Written by Francisco Leon, MD, PhD, Chief Scientific Officer, Co-Founder, Provention Bio

Current guidelines recommend routine follow-up for celiac disease with dietary interviews and celiac blood tests, though these methods are not accurate measures of gluten-free diet (GFD) adherence. A recent study in Spain tested the use of gluten immunogenic peptides (GIP)—a direct measure of gluten intake—in stool samples to determine its usefulness in accurately monitoring GFD adherence. The researchers found that measuring GIP in stool is helpful for monitoring GFD adherence, and it could reduce the need for additional invasive tests for follow‐up after a celiac disease diagnosis.

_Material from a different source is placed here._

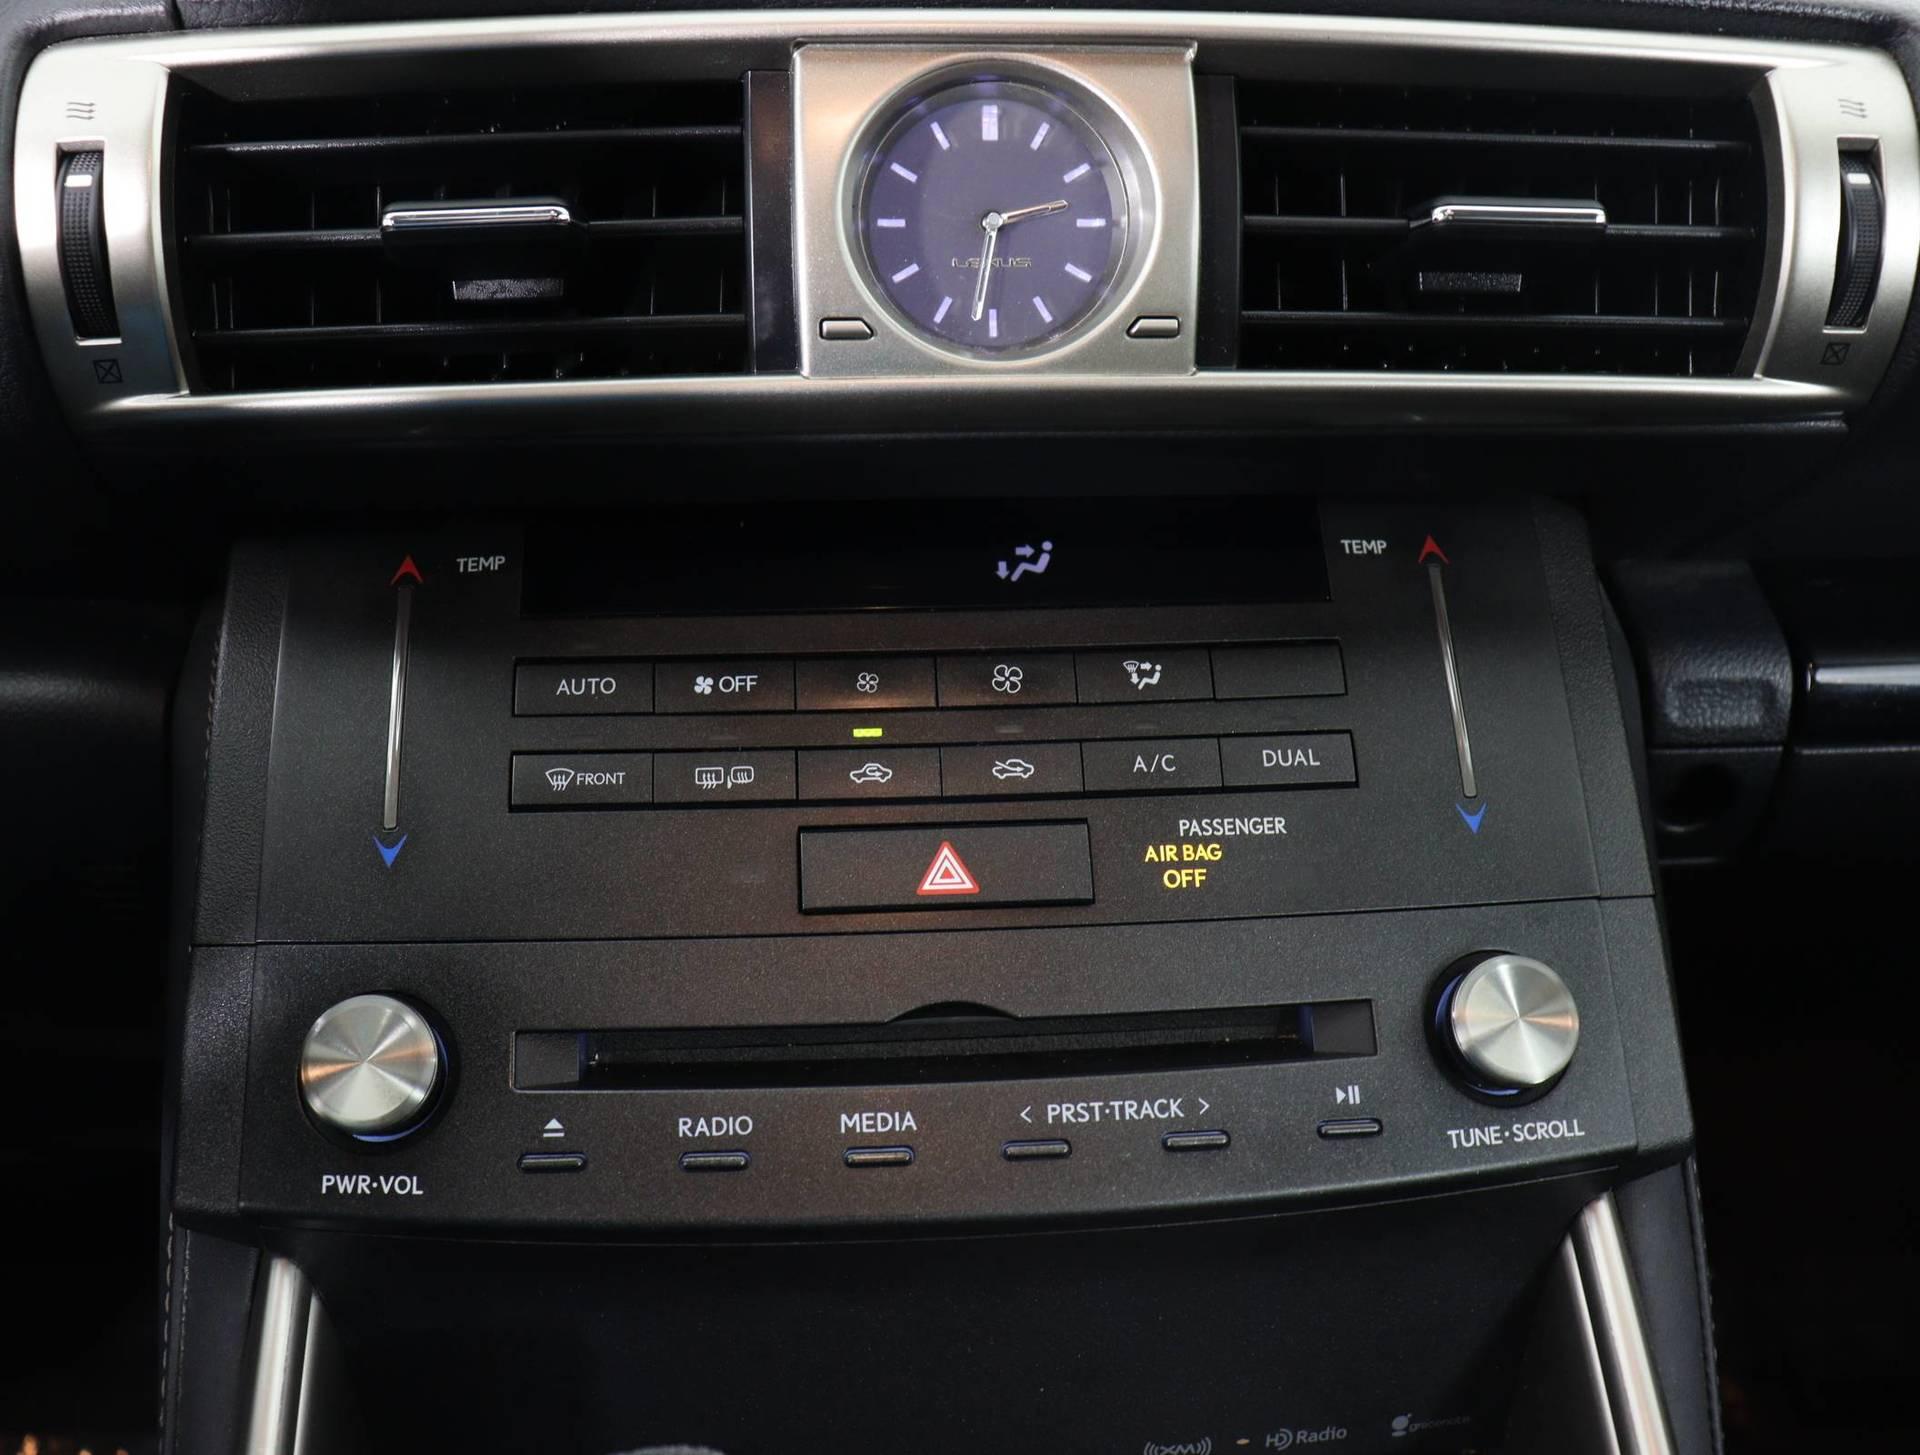 used vehicle - Sedan LEXUS IS 250 2015

Children are generally thought to recover more completely than adult celiac patients once they start the GFD. However, several studies have shown that up to 1 in 5 children with celiac disease on the GFD have persistent gut damage despite being on the GFD for at least 1 year.

While experts agree that strict adherence to the GFD is crucial for the health of people with celiac disease, until recently, there have been no direct methods to assess adherence to the GFD. Dietary interviews, blood tests, and monitoring symptoms do not fully correlate with gluten ingestion—meaning they are not always able to detect gluten in the diet accurately.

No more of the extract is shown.